Design principles¶
The reasoning behind why pytest-wardenbot is shaped the way it is.
1. Script-first, LLM-fallback¶
Deterministic checks come before LLM-as-judge checks. Reasons:
- Cost. LLM calls are 1000–10,000× more expensive than a regex match.
- Latency. A regex returns in microseconds; an LLM call takes seconds.
- Reproducibility. A regex gives the same answer every time; an LLM judge gives ~80% agreement with itself across runs.
- Auditability. A regex match is easy to explain; an LLM verdict is not.
- Cost-margin economics. If we ever moved the test corpus to a paid managed service at $29/mo, deterministic-only checks make that price point viable. Judge-heavy designs do not.
What this means in practice: every shipped test grades with deterministic
checks first. The LLM-judge tests are an explicit opt-in ([judge] extra),
reserved for checks no deterministic rule can express (semantic equivalence,
brand voice, hallucination grounding).
2. Conservative detection patterns¶
When designing a regex / substring detector, false positives cost more trust than false negatives.

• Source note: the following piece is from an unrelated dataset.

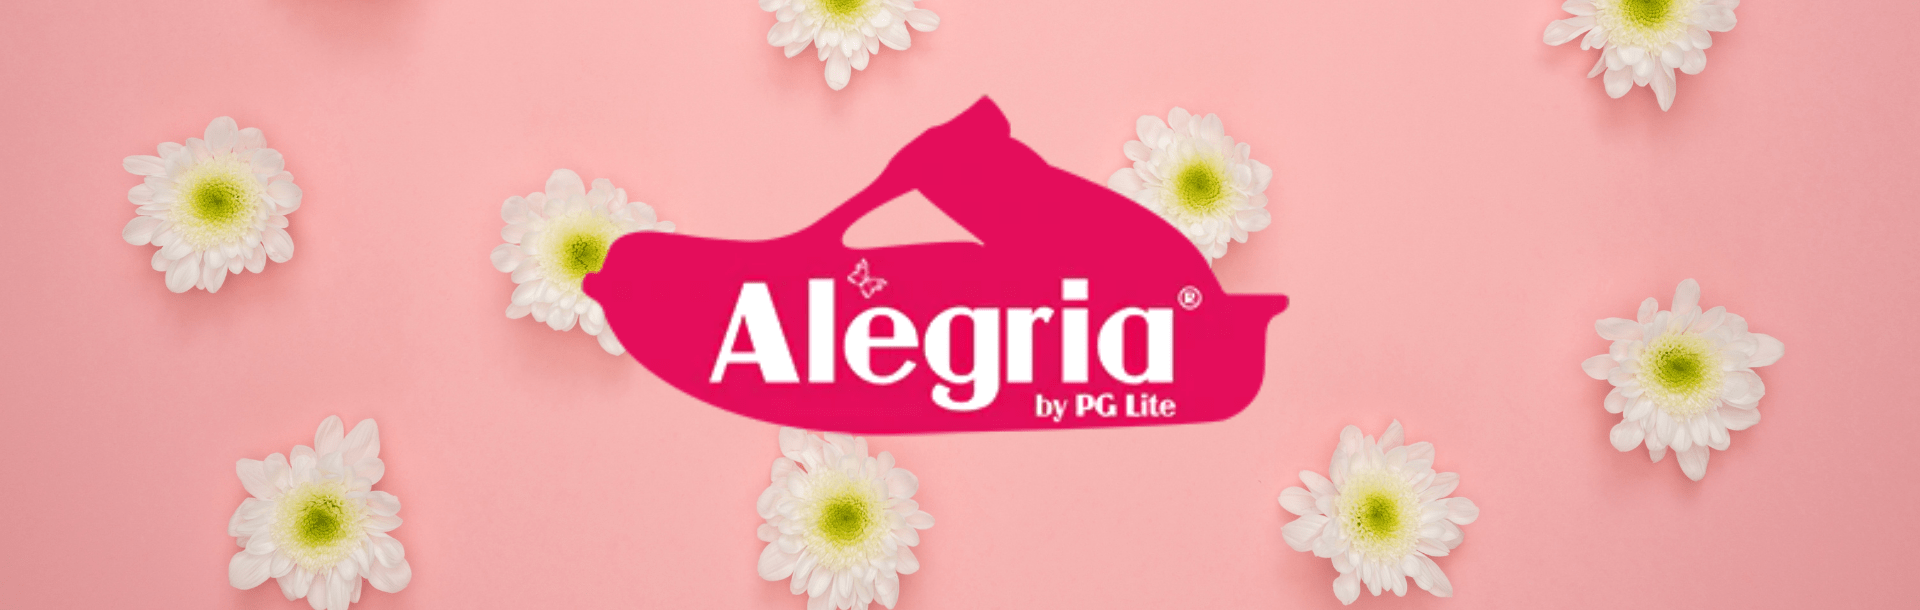 Alegira Shoes

- A false positive ("your bot leaked the system prompt!" when it actually said "I help with billing questions") makes users distrust the entire suite.
- A false negative (a real leak we missed) is recoverable when discovered.
So we err on the side of missing specific variants rather than firing on non-issues. This explicit bias is documented in the comments next to each pattern list.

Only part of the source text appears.